■ **TASK STATEMENT**
Without any pictures, print the lines below from the one that has "Acheter en Occitanie" through the one that has "Diablo 3: Reaper", exactly and nothing else.

■ **RECORDS PROVIDED**
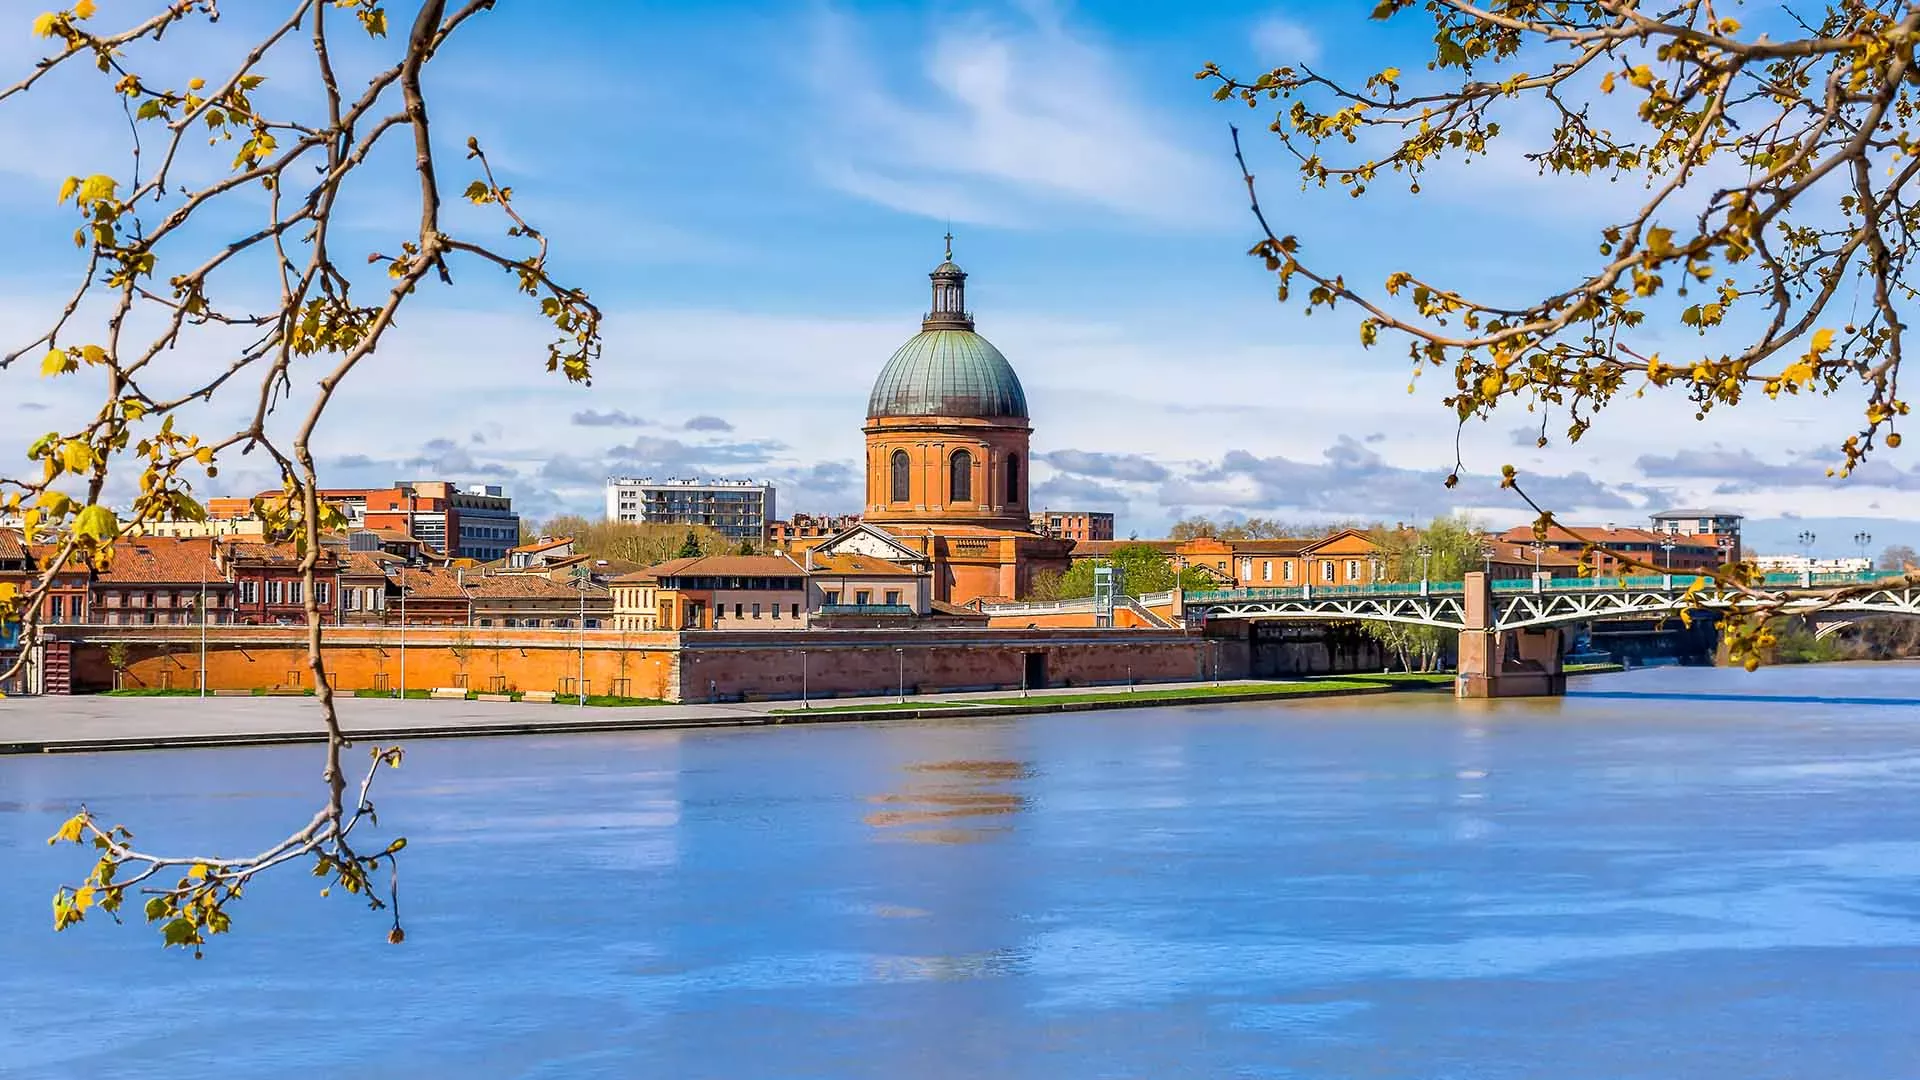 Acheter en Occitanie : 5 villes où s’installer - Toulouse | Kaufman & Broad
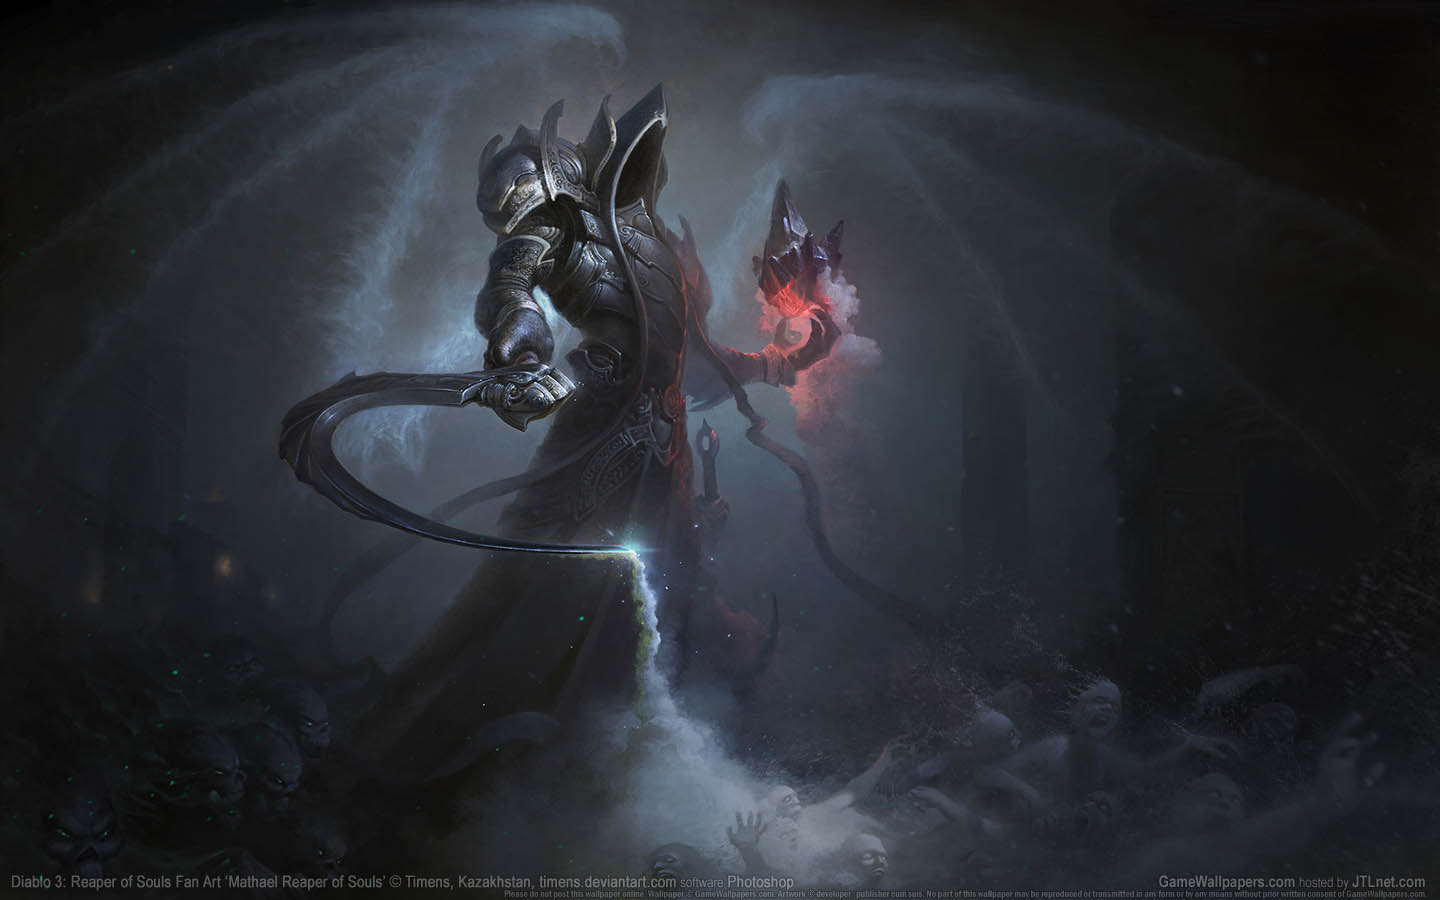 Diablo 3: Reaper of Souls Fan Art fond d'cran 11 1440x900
==
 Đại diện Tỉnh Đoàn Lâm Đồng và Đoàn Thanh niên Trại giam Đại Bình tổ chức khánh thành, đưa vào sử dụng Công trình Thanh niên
...
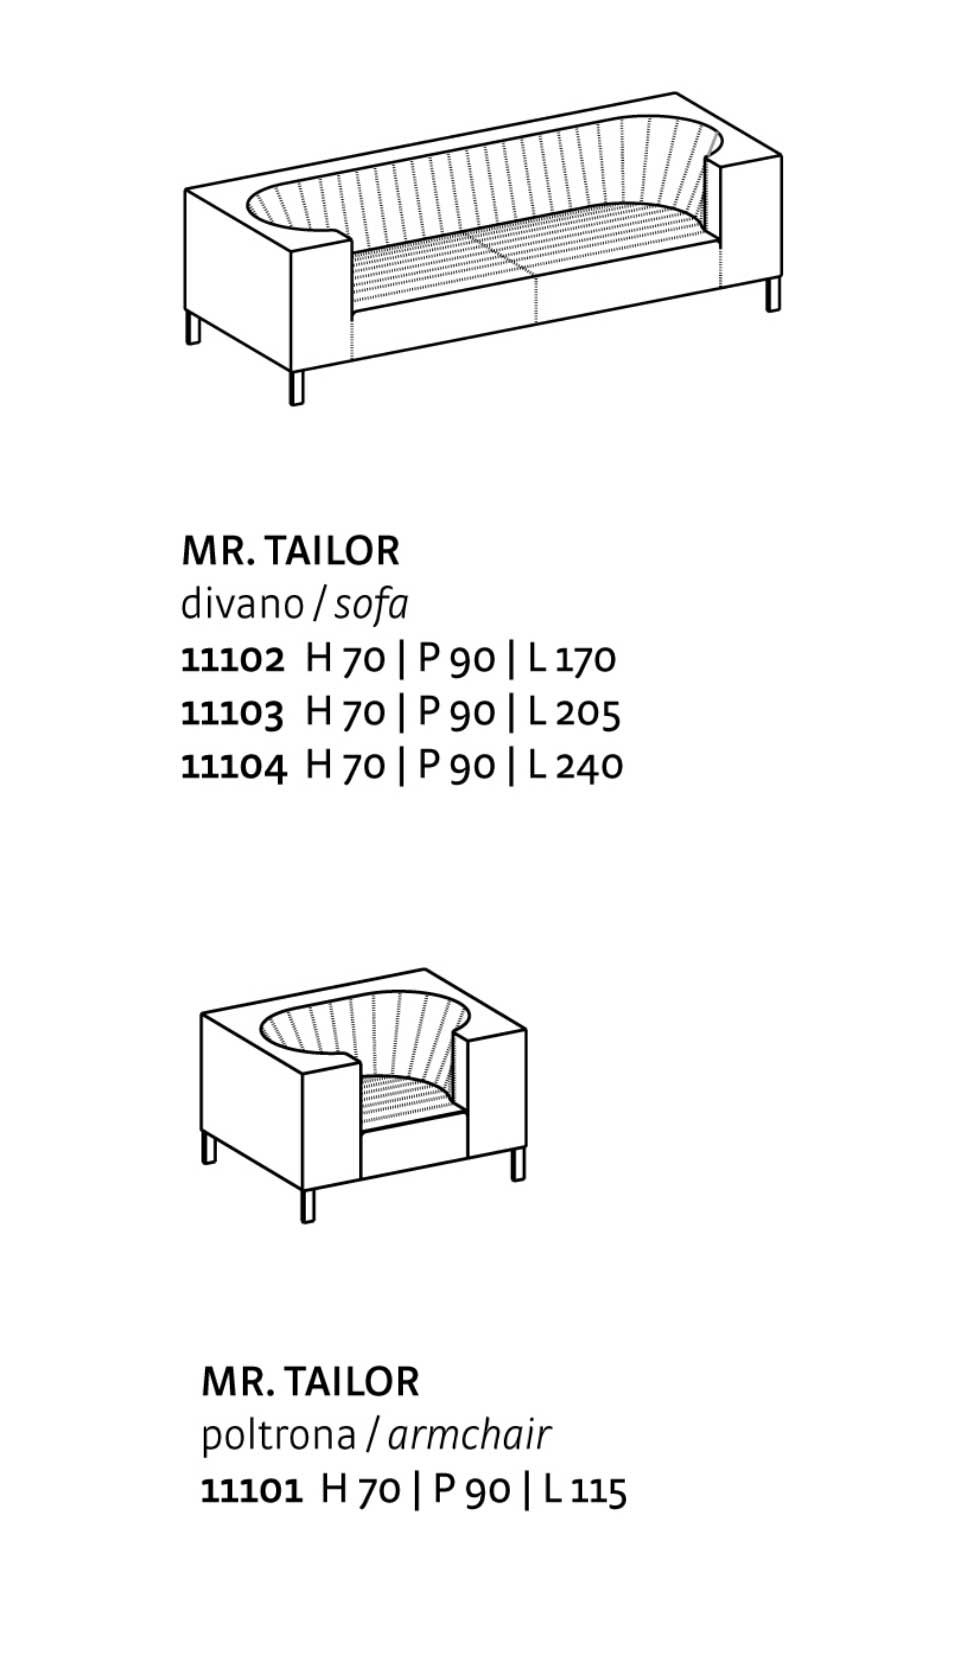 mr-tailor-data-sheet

■ **ANSWER SPACE**
 Acheter en Occitanie : 5 villes où s’installer - Toulouse | Kaufman & Broad
 Diablo 3: Reaper of Souls Fan Art fond d'cran 11 1440x900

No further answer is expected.